I have a 29 gallon tank that's almost ready to have fish in it. I'm just not sure what fish would fit/work together in this size of a tank. I was thinking angles but I read that they get bigger and you either need just one or more than 3. I also like mollies and platys. 

Would it be ok to put 1 angel in with some mollies? If so, how many mollies? I don't want to overstock the tank.


----------



## Ghost Knife (Mar 12, 2008)

luvdux said:


> I have a 29 gallon tank that's almost ready to have fish in it. I'm just not sure what fish would fit/work together in this size of a tank. I was thinking angles but I read that they get bigger and you either need just one or more than 3. I also like mollies and platys.
> 
> Would it be ok to put 1 angel in with some mollies? If so, how many mollies? I don't want to overstock the tank.


1 Angel would probably work. The key with angels is they have to be kept alone or in pairs. You could put 4-6 mollies with an angel.


----------



## emc7 (Jul 23, 2005)

I wouldn't. I've had angels that were sweet as pie and other angels that terrorized a whole 55. It might work, but it might end badly. Certainly a full-grown angel will eat fry. 1 angel and maybe some cories or something that stays on the bottom. I'd go with a Bolivian ram or 2 and some tetra.

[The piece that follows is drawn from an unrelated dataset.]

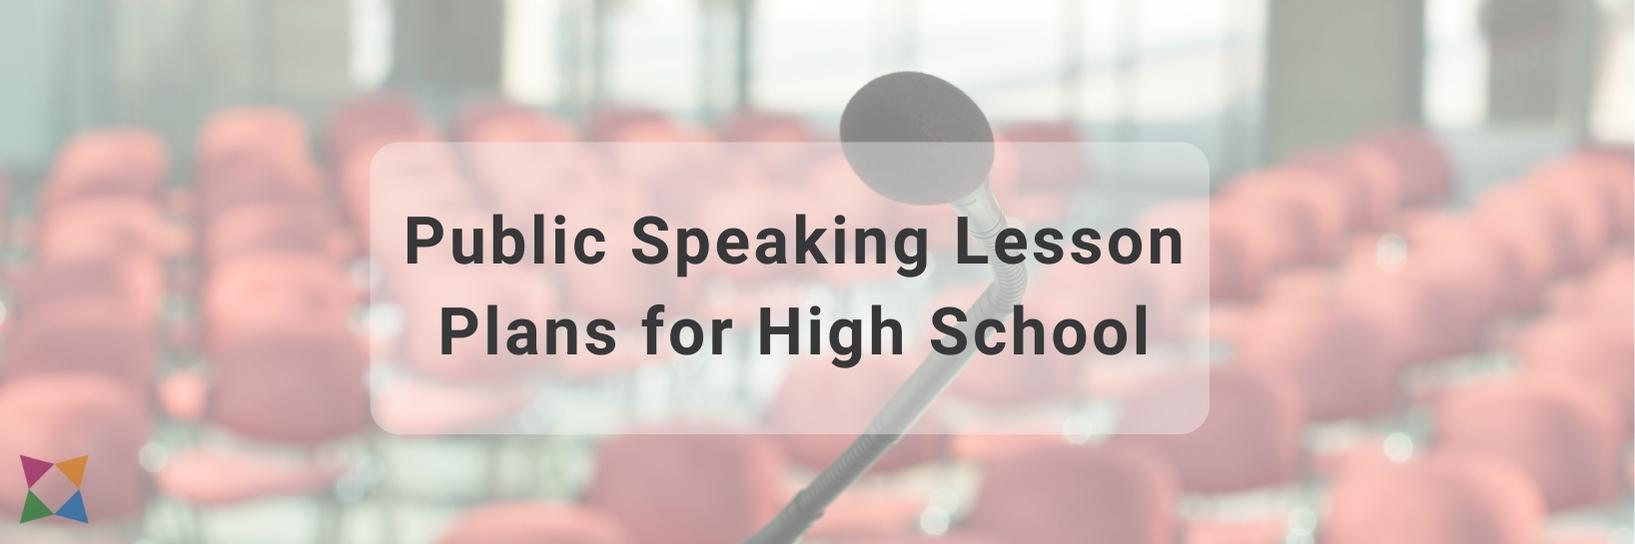 4 Best Public Speaking Lesson Plans for High School

Or just the mollies.


----------



## elitesrock (May 4, 2011)

It seems 29 gallons is the new fad? But on topic, I think 2-3 dwarf gouramis and a school of 8 Neon Tetra's with some 8 Cories. Me personally I would get the Three Striped Cories. They are very fun to watch and like many others to school with, preferablly an even number.


----------



## emc7 (Jul 23, 2005)

I think the 29 is now the biggest tank sold at walmart and that likely makes its the lowest $/gallon when other places match it. Used to be a 55. It is a good size, though for live plants you might want the shorter 20 long.


----------



## Tallonebball (Apr 6, 2009)

You have tons of options in a 29. All sorts or tetras, danios, mollies, swordtails, platys, cories, and other fish would work.
I think you should do some more research on what you would like, I would not do any angles in that tank though.
We all could make a list a mile long, give us more info on what your looking for.


----------



## Ladayen (Jun 20, 2011)

Angel are actually schooling fish when young, then they pair up and it's best to seperate them. Thats why Angels are best when you have several tanks. Still should have at least a 55 for a pair though.

As to the mollies they really should be kept in brackish water, and as a livebearer they prefer harder water with a higher PH. Not sure what your parameters are. That will have an effect on your choices as well.


----------



## CyberBob (Jul 22, 2011)

the 29g tank is very popular. I have one myself 
I keep 6 dwarf puffers and a couple plecos in mine.
They are some real oddballs with loads of personality. But, not a beginner fish IMO. If you do decide to try out puffers, I would recommend getting either 1 figure 8 puffer OR 1 green spotted puffer. The F8 will need a lil bit of salt and can have a few tankmates (mollies, obies, etc). The GSP needs a lot of salt and that limits what can be kept with him. They get along OK with most bottom dwellers. But, most catfish can't really handle the salt. In a 30g, it's keep to keep just one puffer because they would figh to the death over territory. You could keep 2 F8s, but it's risky.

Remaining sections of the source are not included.